Entries taken from a collection
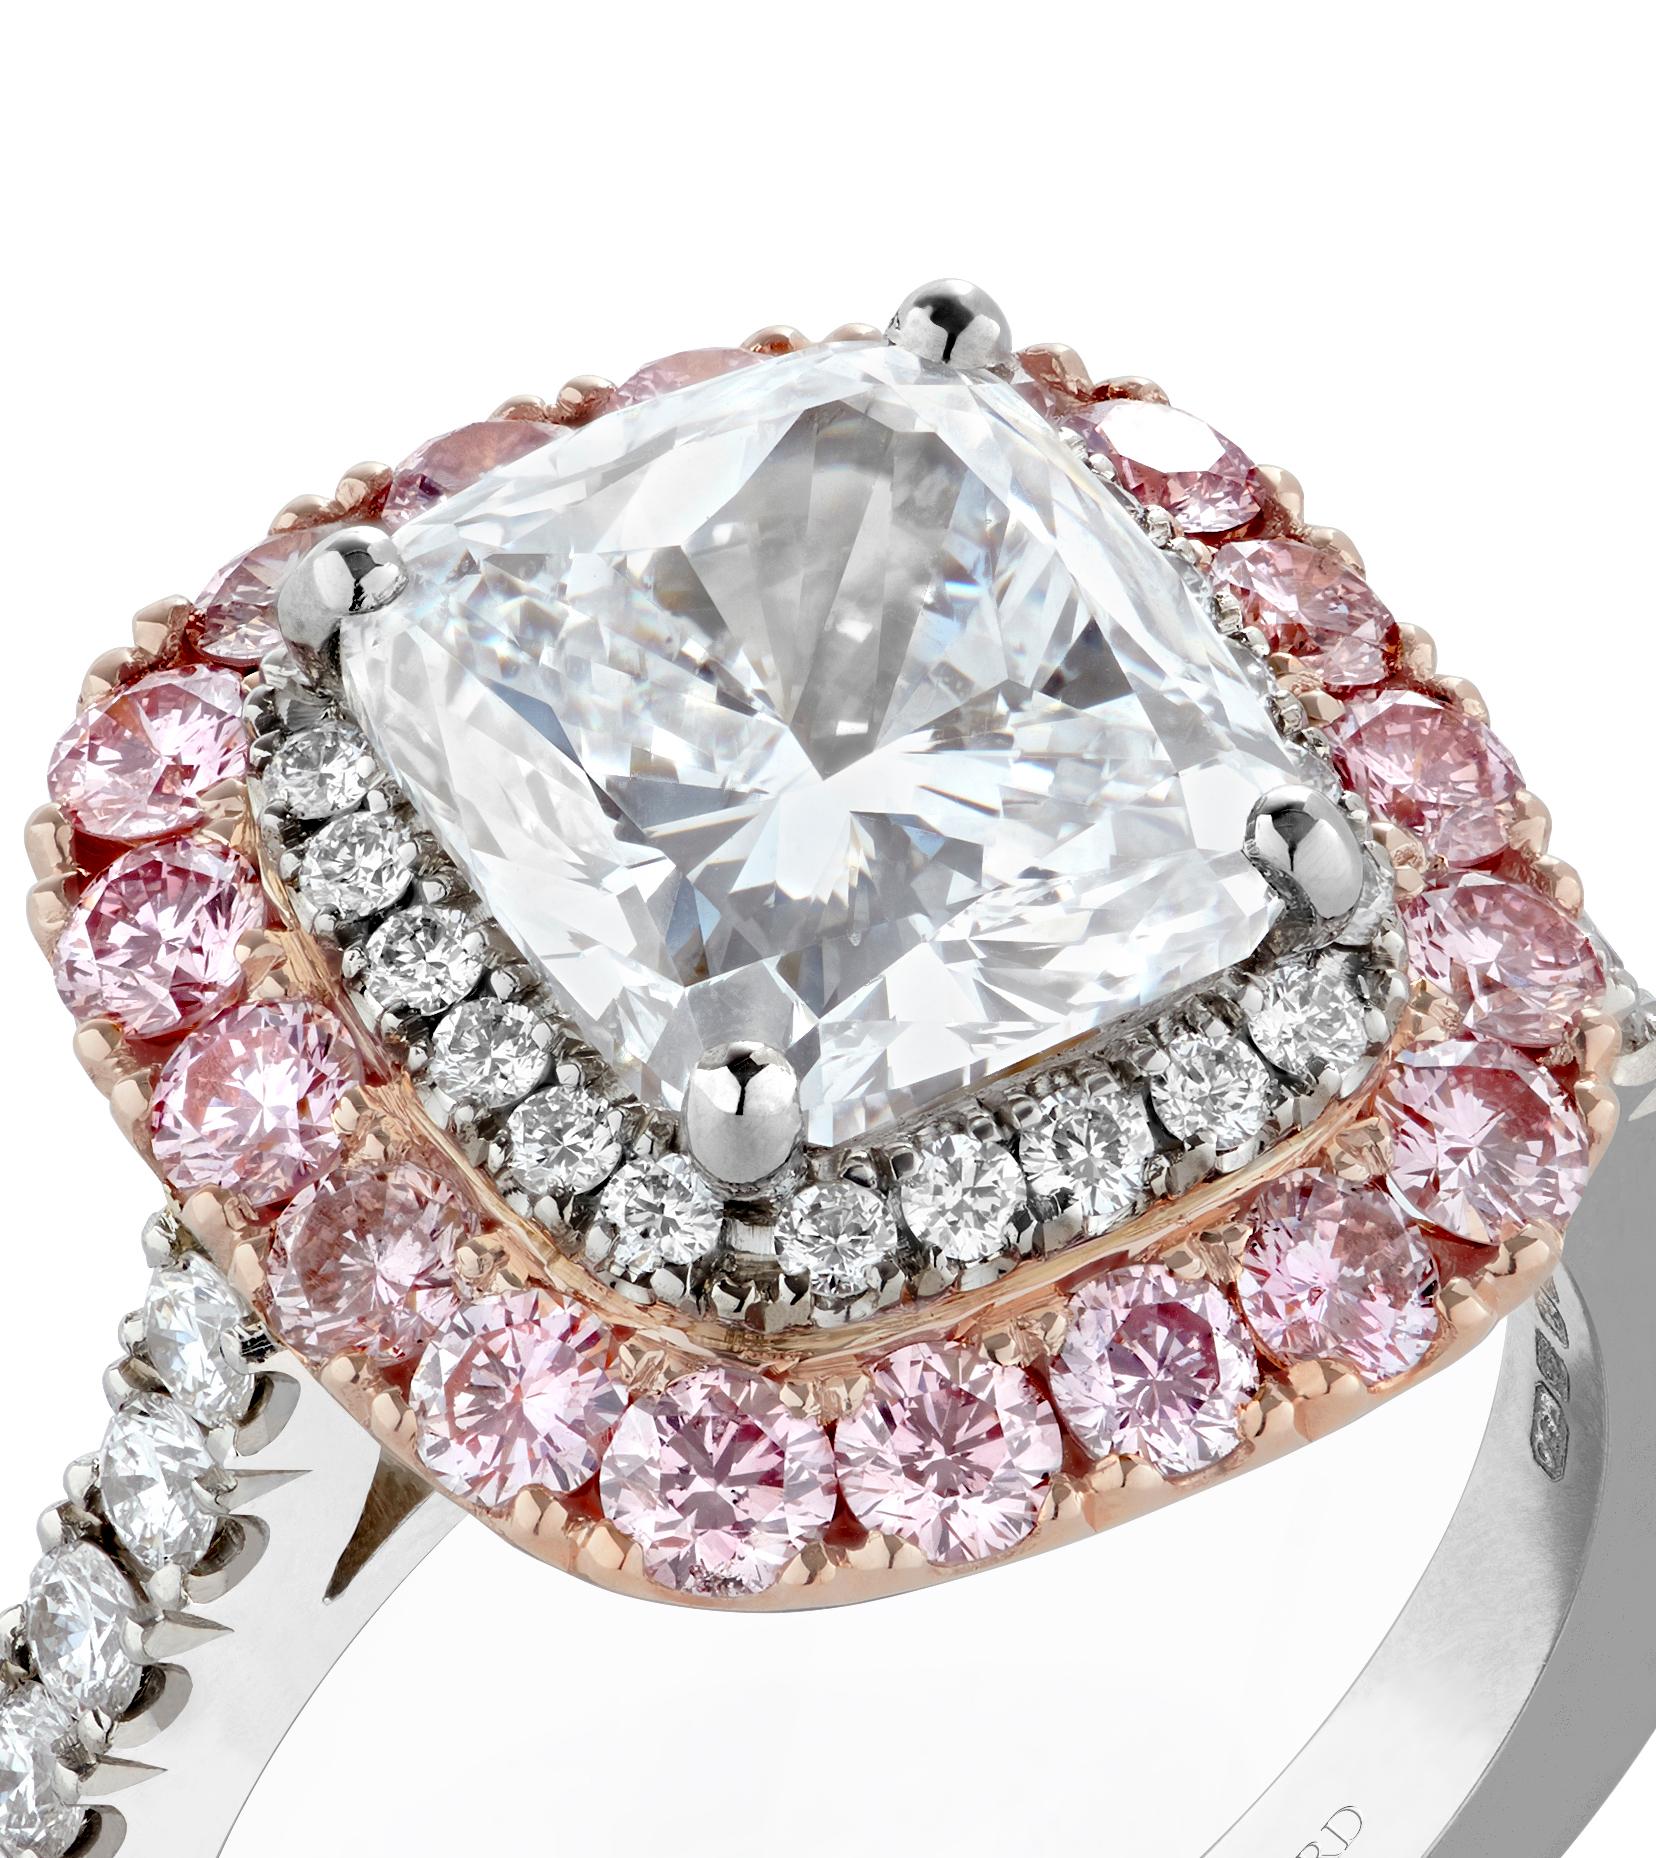 A House of Garrard platinum and 18 karat rose gold engagement ring from the Jewelled Vault collection, set with a central GIA certified cushion cut 3.06 carat D VS1 white diamond, 18 round pink diamonds weighing 0.84 carats and 36 round white
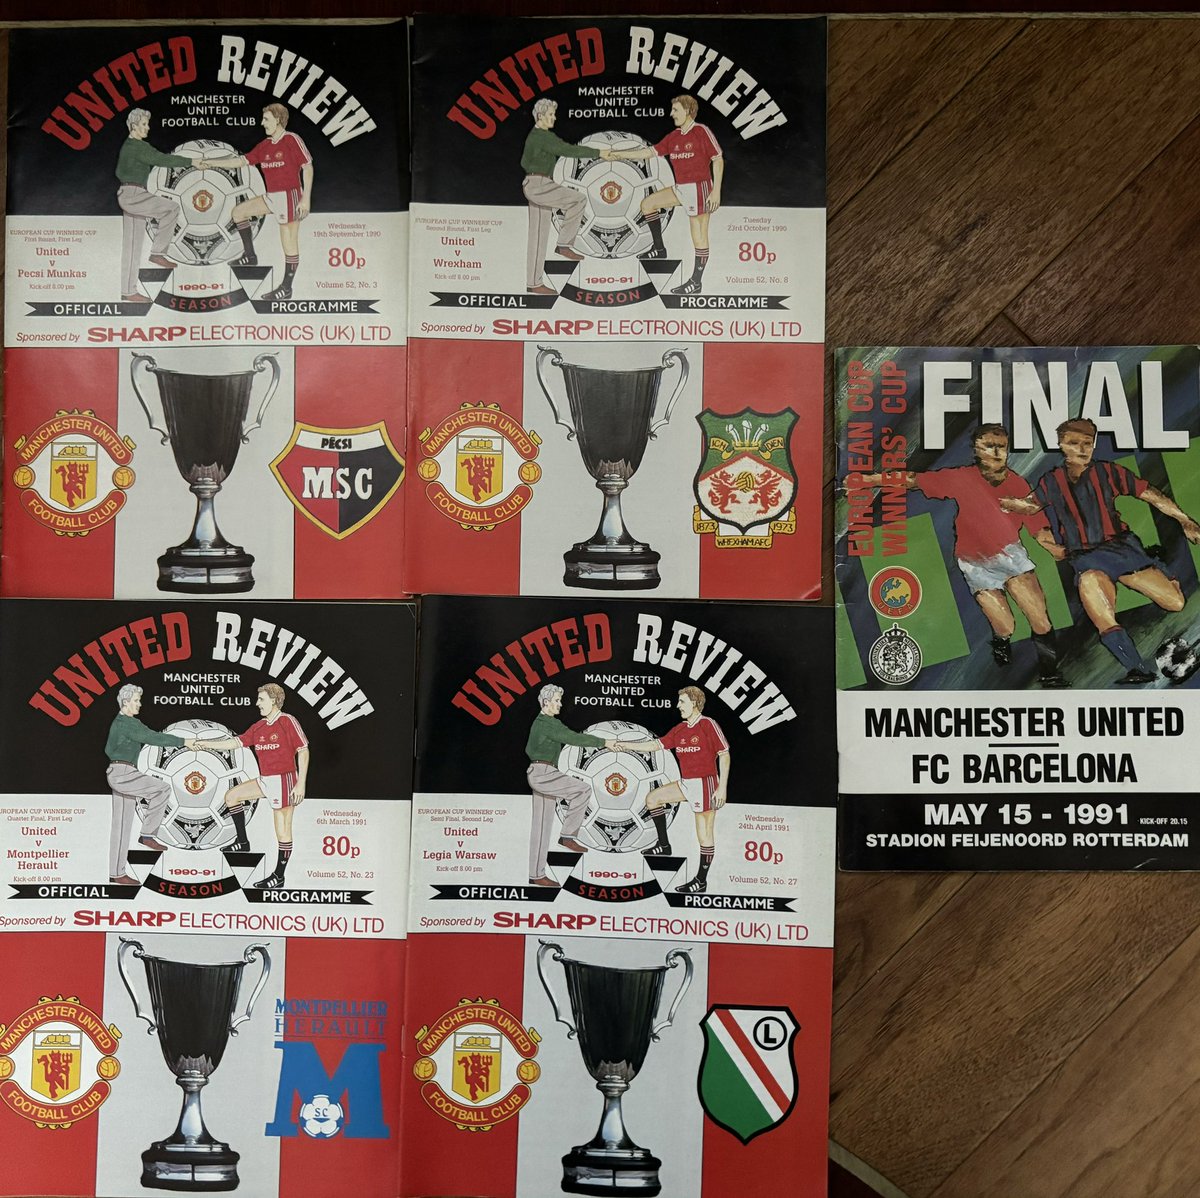 Manchester United Sets.
1967/68 European Cup Winners - all 4 home European Cup Programmes & Final Programme.  £10 for the Set.
1990/91 ECWC Winners - all 4 home ECWC Programmes & Final Programme. £10 for the Set.
Excluding Postage Cost.
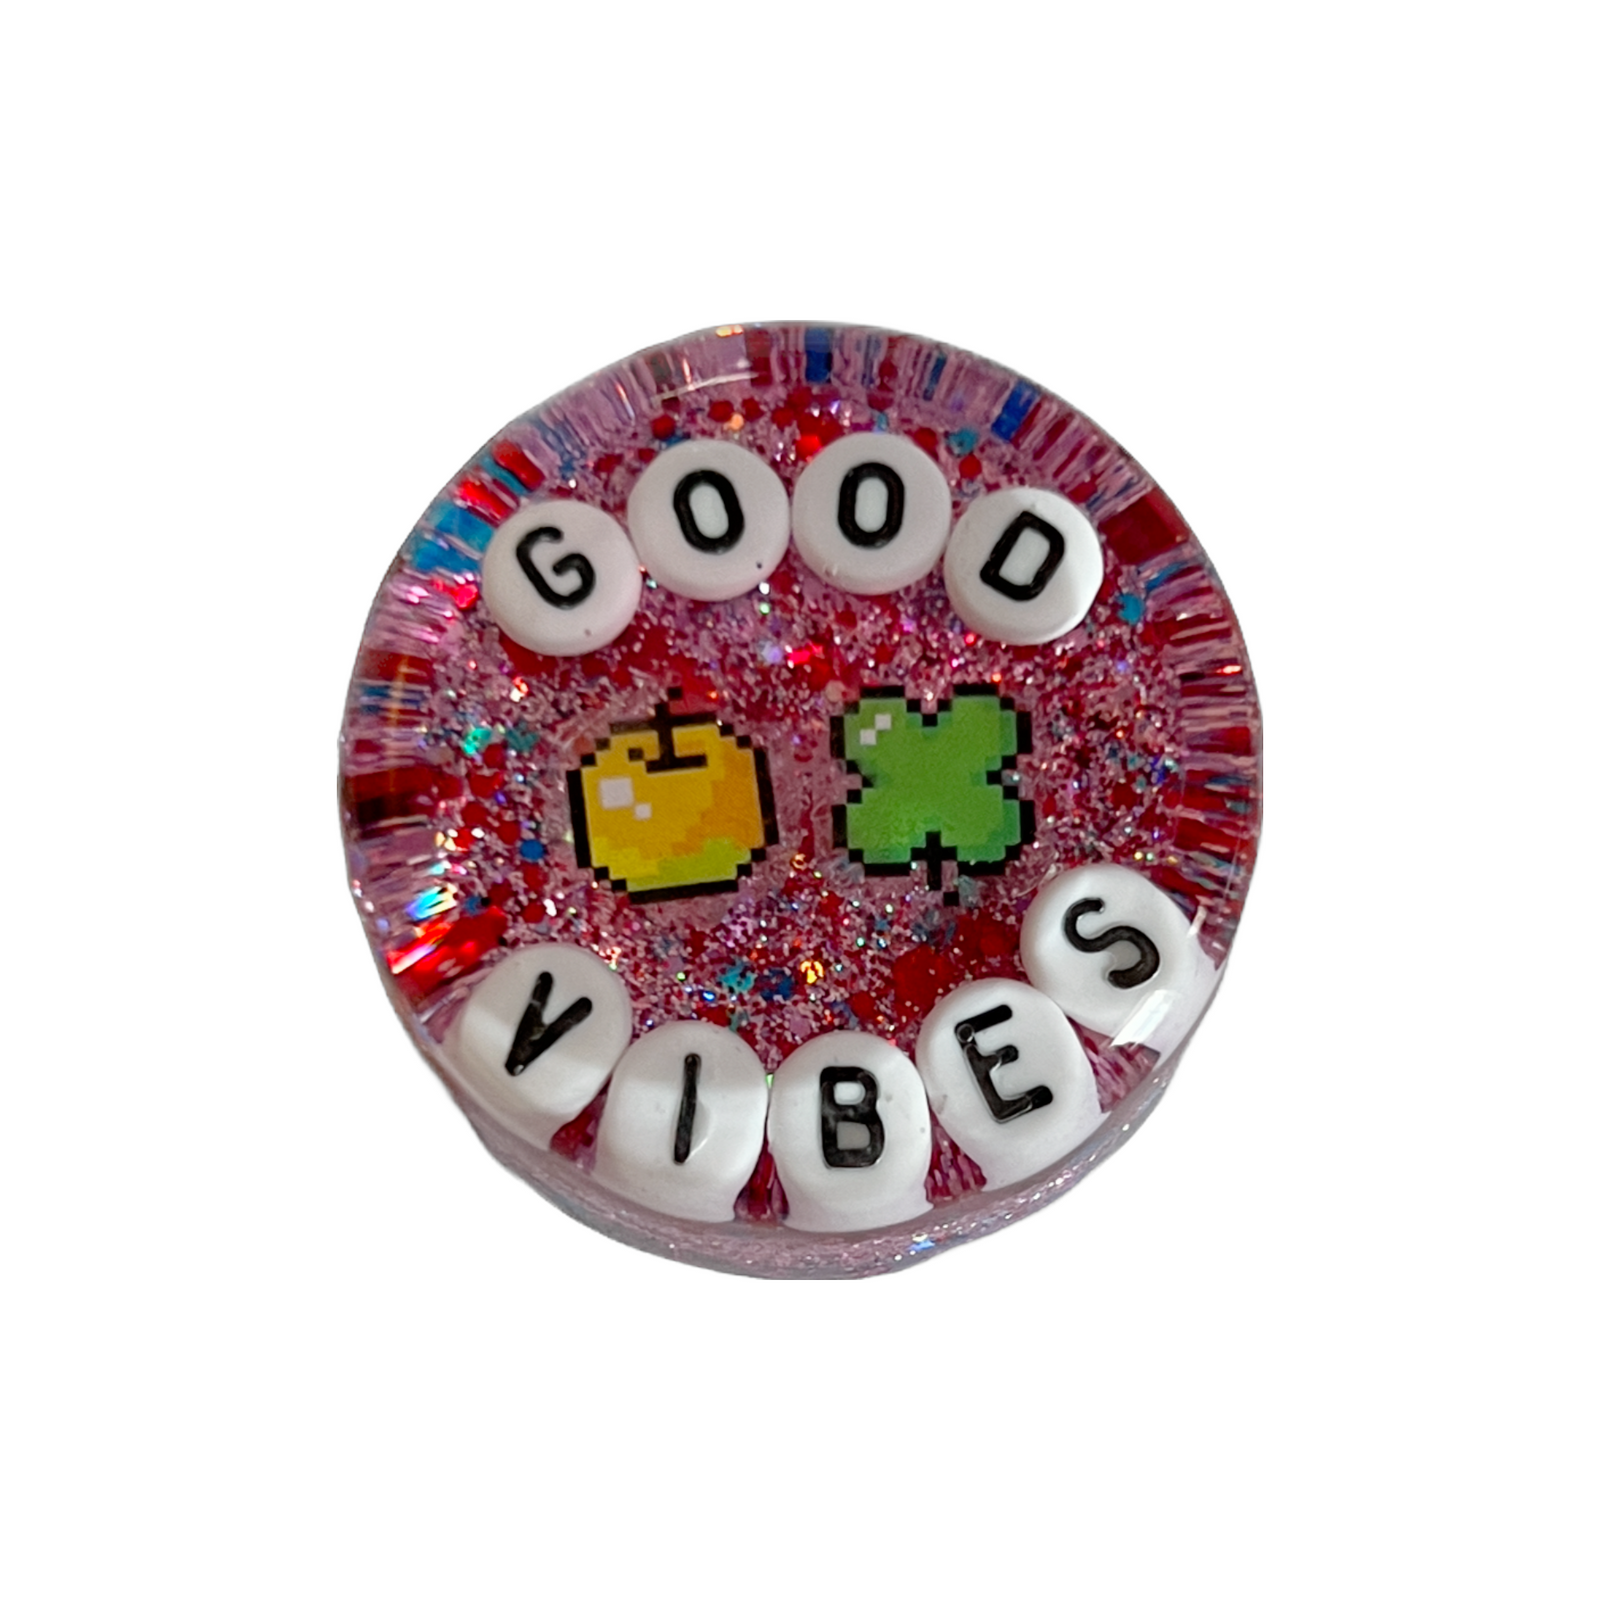 Good Vibes - Shower Art - READY TO SHIP

ABOUT THIS TASK
Output every entry verbatim. Pictures do not belong in the copy.

TASK ANSWER
 A House of Garrard platinum and 18 karat rose gold engagement ring from the Jewelled Vault collection, set with a central GIA certified cushion cut 3.06 carat D VS1 white diamond, 18 round pink diamonds weighing 0.84 carats and 36 round white
 Manchester United Sets.
1967/68 European Cup Winners - all 4 home European Cup Programmes & Final Programme.  £10 for the Set.
1990/91 ECWC Winners - all 4 home ECWC Programmes & Final Programme. £10 for the Set.
Excluding Postage Cost.
 Good Vibes - Shower Art - READY TO SHIP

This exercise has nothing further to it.